Undocumented Nepali workers have started grabbing this opportunity of returning home as scores of Nepali workers are visiting the Nepal Embassy in Kuala Lumpur to get the temporary Travel Document.
The Malaysian government had set deadline for illegal immigrants to avoid the legal actions if they choose Voluntary Deportation Programme also called 3-plus-1 programme, or get legal status through rehiring programme by June 30, 2018.
Once the deadline ended, the Malaysian government has launched a severe clampdown arresting hundreds of illegal migrant workers.
However, these undocumented workers, who cannot go back to their workplace or be rehired now, have another option to leave the country by August 30 without facing any legal actions.
If applied within the deadline for voluntary home returning or legal status, these workers could skip heavy fine and jail terms of up to three months.
According to the Acting Ambassador of Nepal to Malaysia, Kumar Kharel, the number of illegal Nepali workers visiting the embassy for the travel document has gone up recently.
Nearly 250 travel documents, a temporary passport for one-way travel to Nepal, are being issued every day to illegal Nepali workers.
“We have been providing travel document at very convenient manner way to our citizens. The travel document is issued on the same day of the application. For those unable to visit the embassy, we have been trying to reach out to them as well,” said Kharel.

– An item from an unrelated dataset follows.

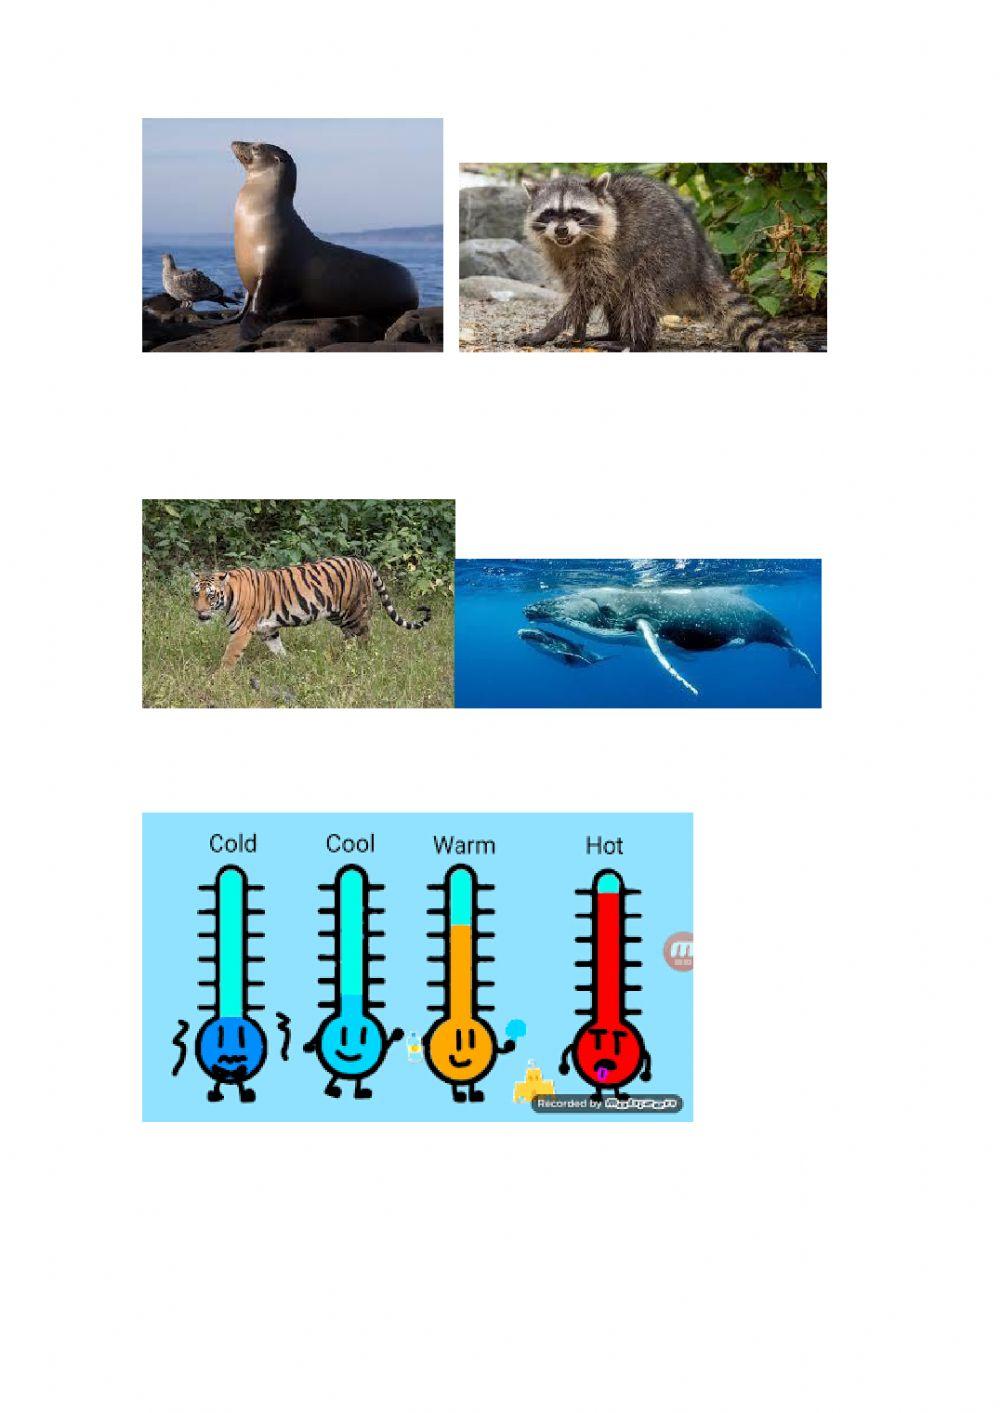 Animals and their habitats

In a bid to encourage undocumented Nepali workers to take advantage of the scheme, the Nepali embassy recently organised two camps in Penang and Johor Bahru on last Saturday.
Through these camps, the embassy had facilitated workers in providing information about returning home and a total of 277 one-way travel documents were issued.
Besides, the embassy has been regularly using social media platforms to persuade Nepali workers to get the legal status or return back home.
The southeastern nation Malaysia, hosting 485,000 Nepalis, has estimated nearly 25 per cent of its total Nepali workforce, according to its Immigration Department of Malaysia.
The issue of Nepali workers becoming undocumented or illegal has been a major headache for the embassy and the local authority, also tarnishing the image of Nepali workers in Malaysia.
When these workers run away from their host company and start working for other employer without the valid work-permit or overstay in the country, they become illegal.
In most of the cases, they are lured by fellow Nepali workers and Nepali agents for higher income, which makes them more vulnerable to labour exploitation and legal consequences.
Employers have been regularly raising concerns about escaping of Nepali workers to Nepali mission as they have invested money for hiring those workers.
“Our priority is to encourage them not to become illegal, running away from their workplace. If they have any problem, they can come in touch with the embassy and we will help them in dealing with their concern,” added Kharel.
The last deadline for the rehiring and 3-plus-1 programme scheme was set for December 31, 2017 before it was extended again.
Nepali workers with valid passports or travel document can return to Nepal after getting an Exit Pass from Immigration Department, which will cost them a fine of Malaysian Ringgit 400.
In case of those without valid passport can get one-way travel document from the embassy after paying 160 Ringgit.
According to the Immigration Department rules, if arrested during crackdown, these workers will be slapped with the fine up to RM 5,000 and blacklisted for entering Malaysia for up to five years. Also, if produced before the court, the minimum fine would be of RM10,000.